- The genome organisation of HBV; the genes overlap. ORF P, in blue, encodes Hepatitis B virus DNA polymerase.

Identifiers
- Organism: Hepatitis B virus ayw/France/Tiollais/1979
- Symbol: P
- UniProt: P03156

Search for
- Structures: Swiss-model
- Domains: InterPro

= Hepatitis B virus DNA polymerase =

Hepatitis B viral protein

Hepatitis B virus DNA polymerase is a hepatitis B viral protein. It is a DNA polymerase that can use either DNA or RNA templates and a ribonuclease H that cuts RNA in the duplex. Both functions are supplied by the reverse transcriptase (RT) domain.

== Structure ==

The hepadnaviral P protein is organized into four domains: an N-terminal domain called the terminal protein (TP), a spacer domain which has no apparent function to the polymerase, a reverse transcriptase (RT) domain related to every other reverse transcriptase domain, and a C-terminal Ribonuclease H (RNase H) domain.

Uniquely, the hepadnavirus terminal protein (TP) domain contains a tyrosine residue that serves as a primer for the synthesis of the (−) DNA strand.

== Function ==

The Hepatitis B virus (HBV) polymerase is a multifunctional enzyme, with both RNA-dependent and DNA-dependent polymerase functions, as well as an RNase H function.
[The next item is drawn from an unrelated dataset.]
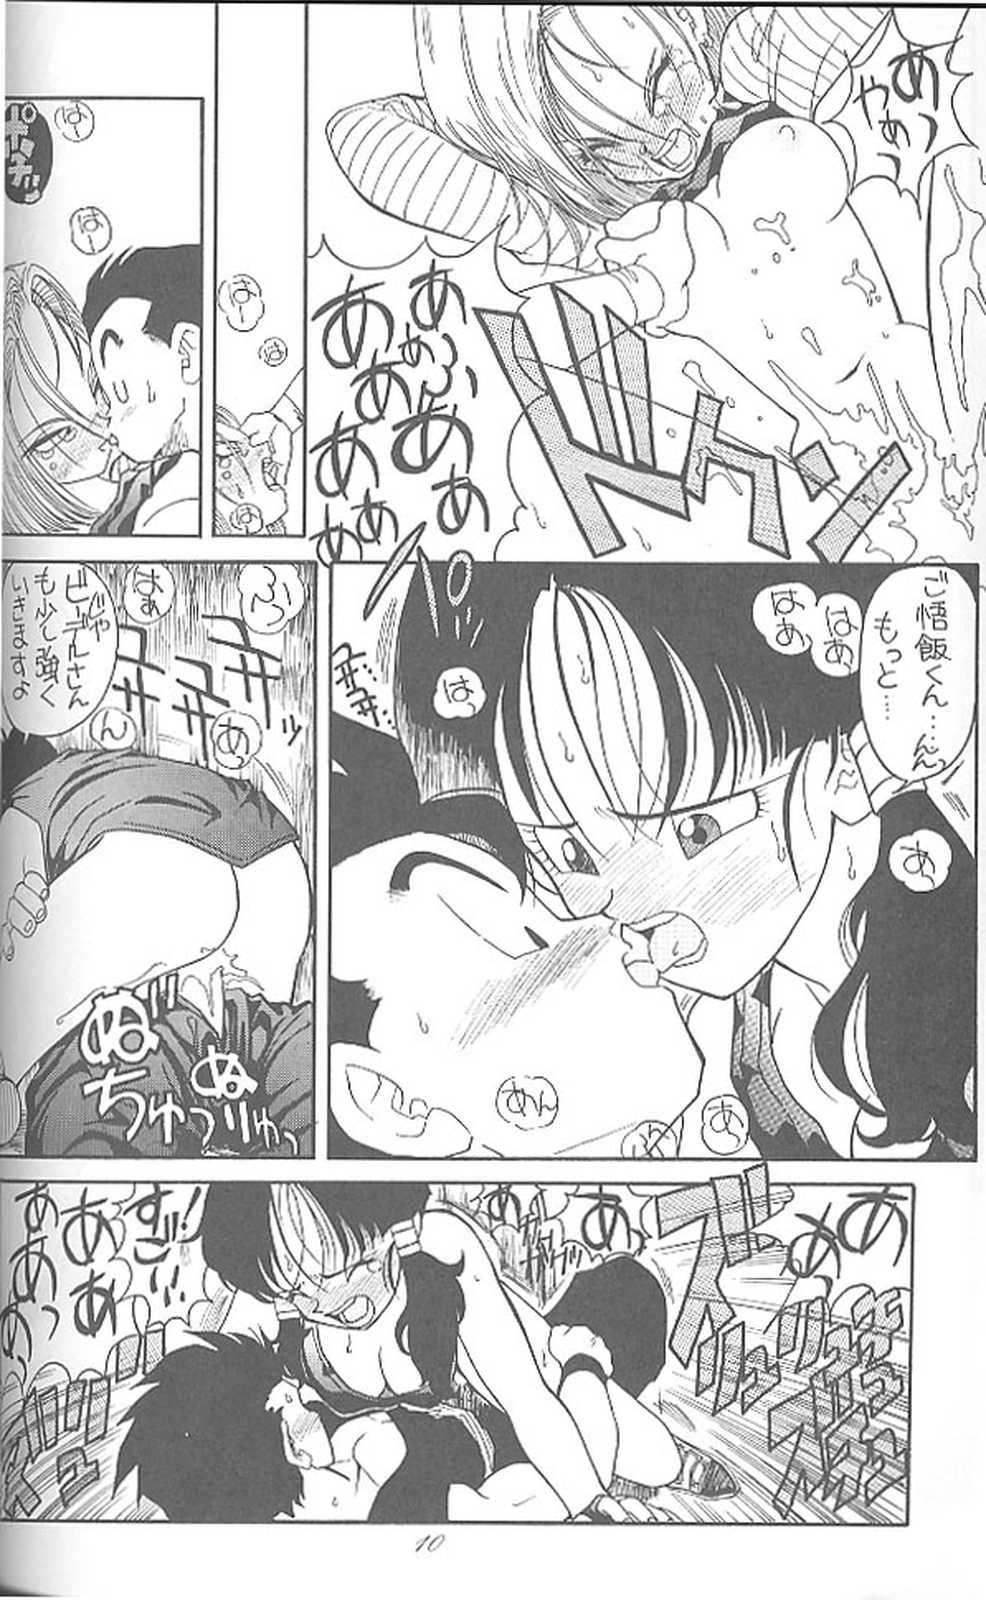 Tributo Haraharatokei vol.4 - Dragon ball z Slayers Dirty pair Ghost sweeper mikami World masterpiece theater Dr. slump Tico of the seven seas Stunning - Page 9

It acts on the HBV pre-genomic RNA (pgRNA) to reverse transcribe it to form a new rcDNA molecule within a new capsid. (The pgRNA has another function of being translated into the viral polymerase and core proteins).

HBV core protein dimers are required for packaging of the pgRNA/polymerase complex. Then, after viral polymerase binds to the packaging signal (Hɛ) found at the 5′ end of the pgRNA, they are incorporated into the viral capsid.

Inside the capsid, the pgRNA undergoes reverse transcription, which is initiated by protein priming at the tyrosine residue of the HBV polymerase. Thus, the (−) DNA strand is made. At the same time, the RNA template is degraded by the RNase H activity of the polymerase. A short RNA of about 15–18 nucleotides at the 5′ end of the pgRNA (including the 5′ DR1 sequence) is not degraded and it is used as primer for (+) DNA strand synthesis.

The resulting RC-DNA is partially double stranded. The (−) DNA strand is longer than a genome length, with a covalently bound polymerase and a redundant flap at the 5′ end. However, the (+) DNA strand synthesis is uncompleted by the polymerase, and there is a gap exists down to the 3′ end of the (+) DNA strand.